题意：

$N\le 7，给定2^N个队伍进行N轮比赛$
$每轮比赛将所遇剩余队伍编号排序，第一小的队伍和第二小的比，第三小的和第四小的比，以此类推$
$N轮比赛后剩余一支队伍，问哪只队伍获胜概率最大，输出编号$

分析：

$概率dp，f[i][j]:=队伍j活到第i轮比赛的概率$
$我们发现转移其实类似于线段树，自底向上转移，从第0轮开始$
$对于上一个区间，显然它的左儿子的队友都是右儿子，反之同理$
$时间复杂度O(n\times 2^n)$

代码：

//
//  Created by TaoSama on 2016-04-09
//  Copyright (c) 2016 TaoSama.
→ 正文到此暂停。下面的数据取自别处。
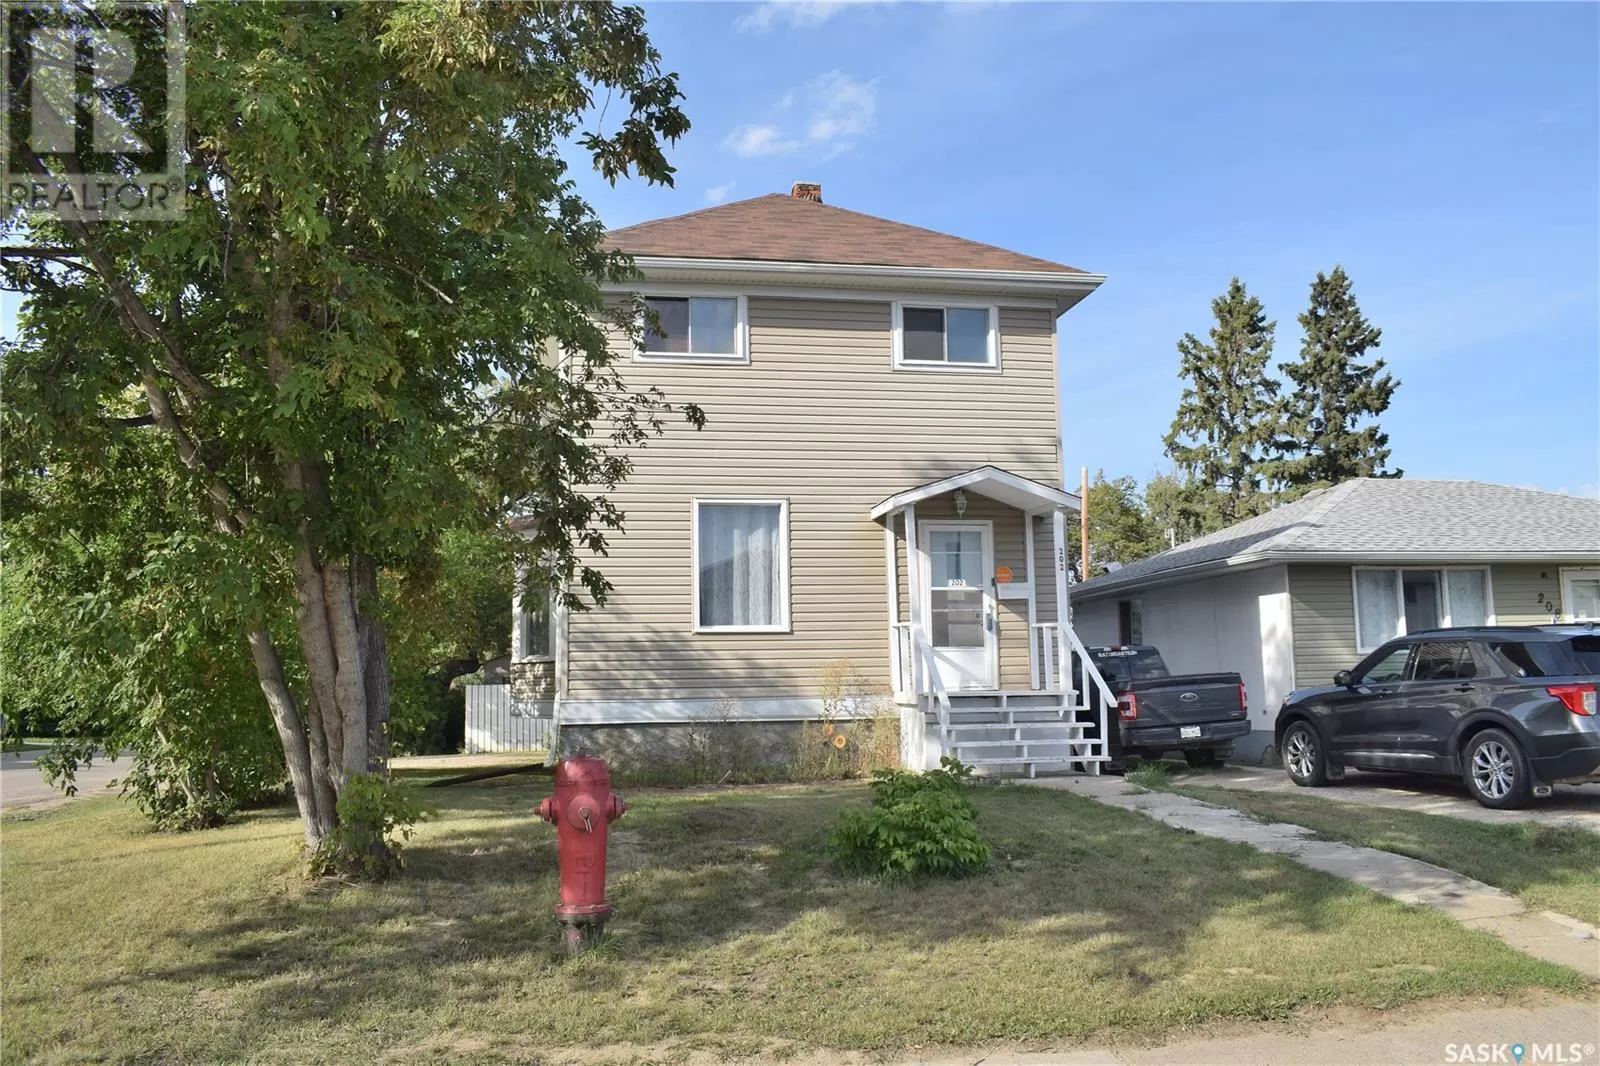 House for rent: 202 26th Street E, Prince Albert, Saskatchewan S6V 1T9

All rights reserved.
//
#pragma comment(linker, "/STACK:102400000,102400000")
#include <algorithm>
#include <cctype>
#include <cmath>
#include <cstdio>
#include <cstdlib>
#include <cstring>
#include <iomanip>
#include <iostream>
#include <map>
#include <queue>
#include <string>
#include <set>
#include <vector>

using namespace std;
#define pr(x) cout << #x << " = " << x << "  "
#define prln(x) cout << #x << " = " << x << endl
const int N = 1e5 + 10, INF = 0x3f3f3f3f, MOD = 1e9 + 7;

int n;
double a[1 << 7][1 << 7], f[7][1 << 7];

void dfs(int n, int l, int r) { // [l, r]
    if(l == r) {
        f[n][l] = 1;
        return;
    }
    int m = l + r >> 1;
    dfs(n - 1, l, m);
    dfs(n - 1, m + 1, r);
    for(int i = l; i <= r; ++i) f[n][i] = 0;
    for(int i = l; i <= m; ++i)
        for(int j = m + 1; j <= r; ++j)
            f[n][i] += f[n - 1][i] * f[n - 1][j] * a[i][j];
    for(int i = m + 1; i <= r; ++i)
        for(int j = l; j <= m; ++j)
            f[n][i] += f[n - 1][i] * f[n - 1][j] * a[i][j];
}

int main() {
#ifdef LOCAL
    freopen("C:\\Users\\TaoSama\\Desktop\\in.txt", "r", stdin);
//  freopen("C:\\Users\\TaoSama\\Desktop\\out.txt","w",stdout);
#endif
    ios_base::sync_with_stdio(0);

    while(scanf("%d", &n) == 1) {
        for(int i = 0; i < 1 << n; ++i)
            for(int j = 0; j < 1 << n; ++j)
                scanf("%lf", a[i] + j);

        dfs(n, 0, (1 << n) - 1);

        pair<double, int> ans = make_pair(-1, -INF);
        for(int i = 0; i < 1 << n; ++i)
            ans = max(ans, make_pair(f[n][i], -i));
        printf("%d\n", -ans.second + 1);
    }
    return 0;
}